Высылке Пастернака за границу помешал именно он, так как после опубликования и какого-то признания “Доктора Живаго” за границей в 1958 году высылка Пастернака была практически решена. Хрущев всё же решил посоветоваться с Твардовским, который, к его чести, начал с неожиданной стороны: Твардовский сказал, что Пастернак, конечно, человек решительный и в таких условиях он способен к крайним действиям. Хрущев, несмотря на многие комические акты, вовсе не был дураком и все понял с полуслова и спросил – застрелится?

— Вполне возможно.

— А что, он действительно поэт? (Вопрос Николая I относительно Рылеева, что “если бы я знал, что он такой поэт, то разве бы я допустил, чтобы его повесили”).

— Еще бы!

— Ну что ж, выше тебя?

— Что Вы, Никита Сергеевич, если бы я мог написать три стиха, таких как у Пастернака много, я бы мог спокойно умереть.

После этого разговор о высылке Пастернака затих и ему дали спокойно скончаться, а отыгрались на Ольге Ивинской.

Так или иначе, Твардовский без всяких регалий и постов становится советником (настоящим) Хрущева по культуре. Фурцева, так называемая “Катиш”, – эта была советской куклой.

Твардовскому тоже принадлежит интересный совет – либо совсем уничтожить Главлит, либо лишить его основных функций в принятии решений. Аргументация – главный редактор любого журнала за неудачно помещенную вещь отвечает своим партбилетом, то есть фактически гражданской смертью. Поэтому при такой внутренней цензуре внешняя цензура, где далеко не всегда сидят профессионалы, совсем не нужна.
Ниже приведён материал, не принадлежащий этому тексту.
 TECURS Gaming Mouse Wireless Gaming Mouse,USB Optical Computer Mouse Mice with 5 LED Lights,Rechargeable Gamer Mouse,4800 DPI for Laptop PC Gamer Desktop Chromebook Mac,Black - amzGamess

Понадобился скандал с неудачной выставкой авангарда, с Эрнстом Неизвестным, чтобы функции Главлита сохранить в прежнем объеме.

Поэтому Солженицын решился (он тогда еще жил в Рязани со своей первой настоящей женой) выйти наружу, но только после XXII-го съезда, то есть после окончательного разоблачения Сталина, когда Сталину было припечатано клеймо злодея (в отличие от XX-го съезда) и что вообще Советская власть кончилась примерно в 1934 году (как это тогда называлось “стали нарушаться ленинские нормы”).
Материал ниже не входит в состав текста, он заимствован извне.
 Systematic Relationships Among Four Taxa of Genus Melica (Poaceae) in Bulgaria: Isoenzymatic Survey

Впоследствии, в 1991 году Каганович сказал, что Хрущев когда-то в юности примыкал к младо троцкистам, – что-то здесь есть. Видимо, и гонения на Церковь свидетельствуют (самое вероятное), что это как раз сказались уроки юности.

Твардовский – главный редактор журнала “Новый мир” и в “Новом мире” публикуются разные лагерные повестушки, очерки. Появляются такие имена как Галина Серебрякова, Борис Дьяков, генерал Горбатов, то есть репрессированные четвертого разбора.

Между этими публикациями и разрывной бомбой “Ивана Денисовича” никакого сравнения быть не могло. Солженицын, хотя тогда и не принадлежал литературным кругам Москвы, но, видимо, у него были какие-то свои осведомители, хорошо понял ситуацию и наметил свои пути.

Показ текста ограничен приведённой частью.